Bettina Jäger, Ruhrnachrichten, 8. Februar 2006
Die SPD-geführte Reichsregierung rief das Militär zu Hilfe - rechtsradikale Freikorps und die Reichswehr. Die aber gingen mit einer Brutalität vor, die alle Gewalt der Arbeitermilizen bei weitem in den Schatten stellte. In Duisburg, Dinslaken, Wesel regierte offener rechter Terror.
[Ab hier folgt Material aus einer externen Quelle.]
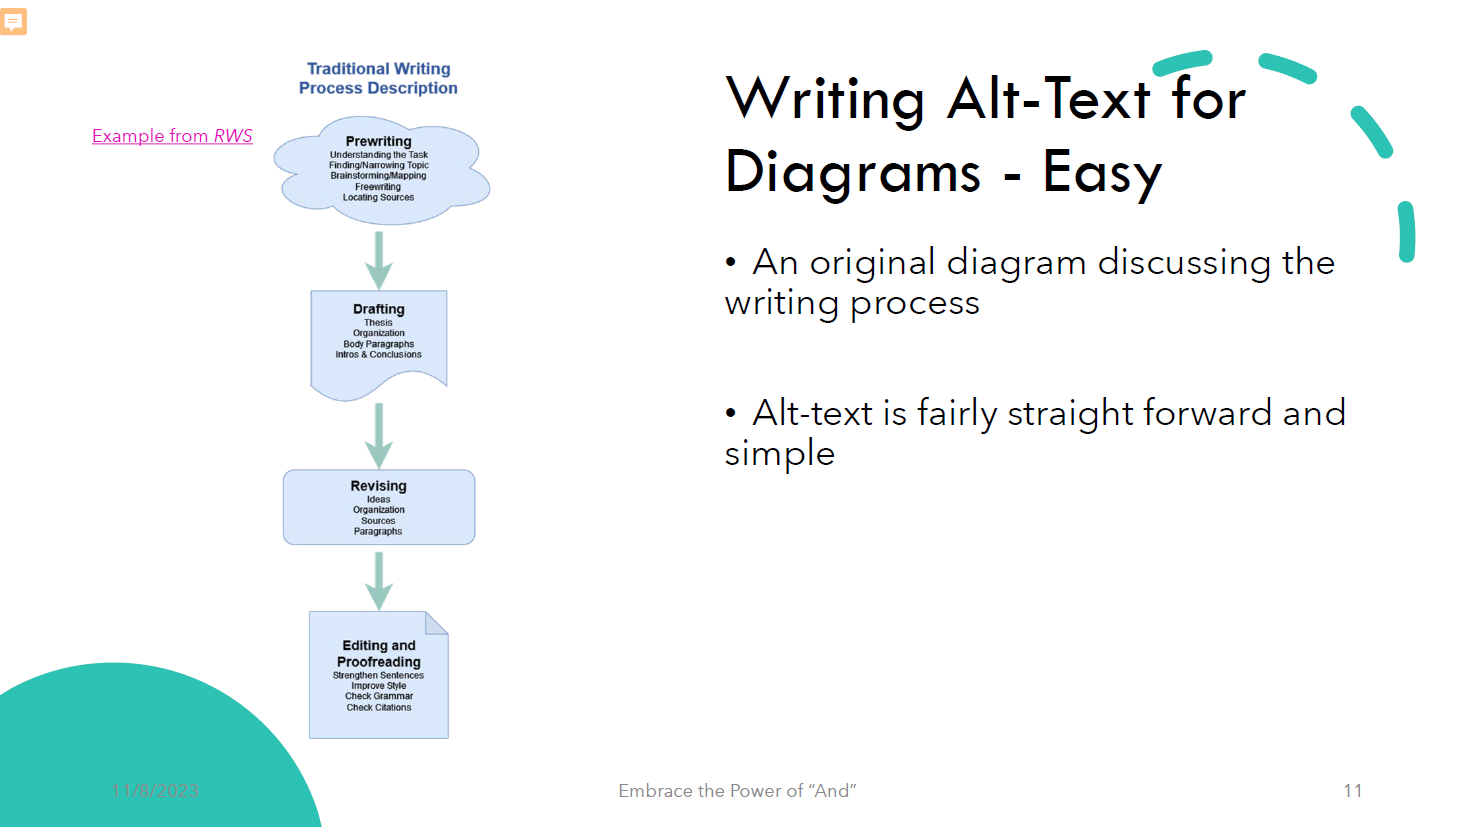 Screenshot of slide depicting a straightforward workflow diagram that is easy to write alt-text for, from presentation: Embrace the Power of 'And'. Licensed CC BY SA.
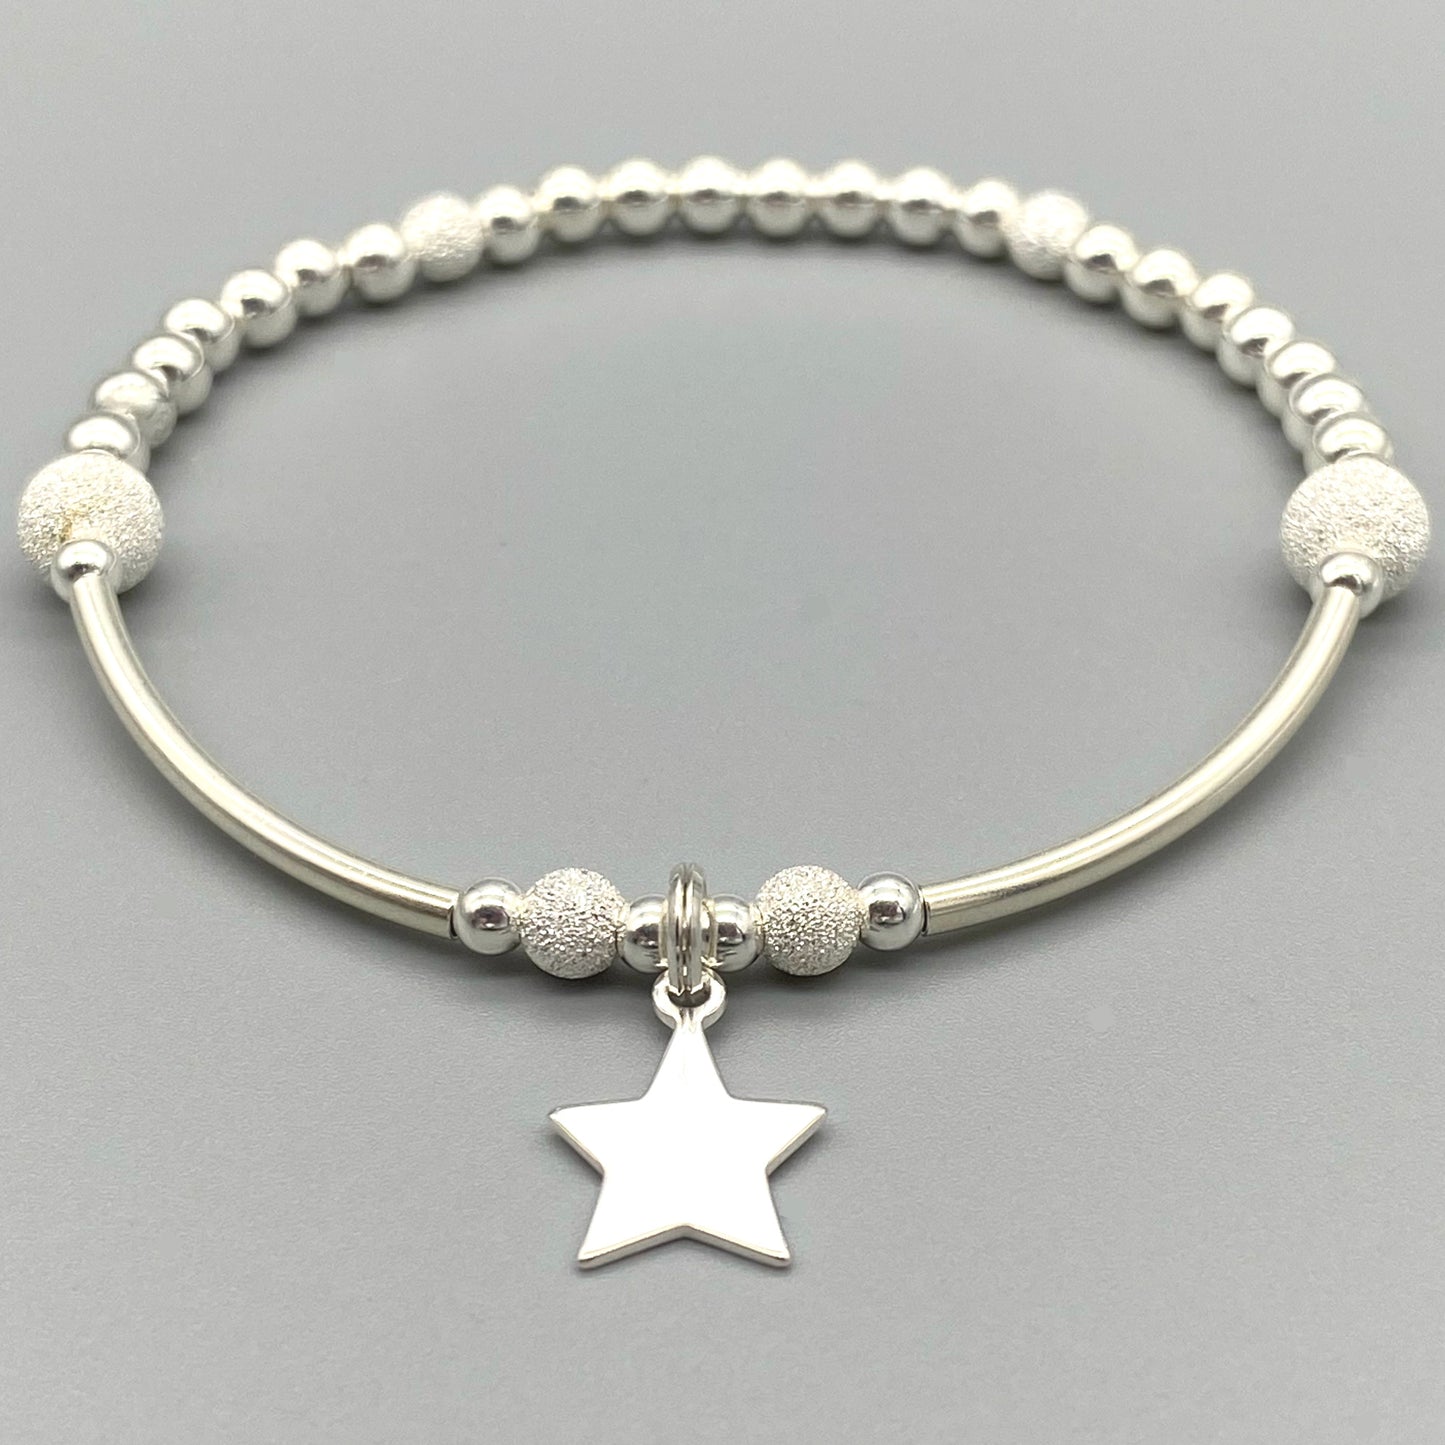 Star charm & starburst beads sterling silver stacking bracelet for her by My Silver Wish

WDR 3, Sendemanuskript Resonanzen, von Michael Kuhlmann, ausgestrahlt am 15.2.2006
Frank Baier: Das Interesse war bei mir sehr groß plötzlich für das: Was ist hier geschichtlich im Ruhrgebiet abgelaufen? Und bin dann eben bei den Leuten, die 1920 tatsächlich mitgekriegt haben, Zeitzeugen, und hab denen dat Mikrofon unter die Nase gehalten und hab mitgeschnitten, wenn die gesungen haben. Und ich mußte dann dat Knopfakkordeon mitnehmen und hab dann auch ers' ma' einen vorgelegt, bis die dann weich waren, und da haben die dann einen gesungen, und so is' Material entstanden - und das hat Michael immer wieder interessiert! Und er hat gesagt: Hol ma' raus, die Kiste! Und laß uns mal da hören und laß uns mal da hören!"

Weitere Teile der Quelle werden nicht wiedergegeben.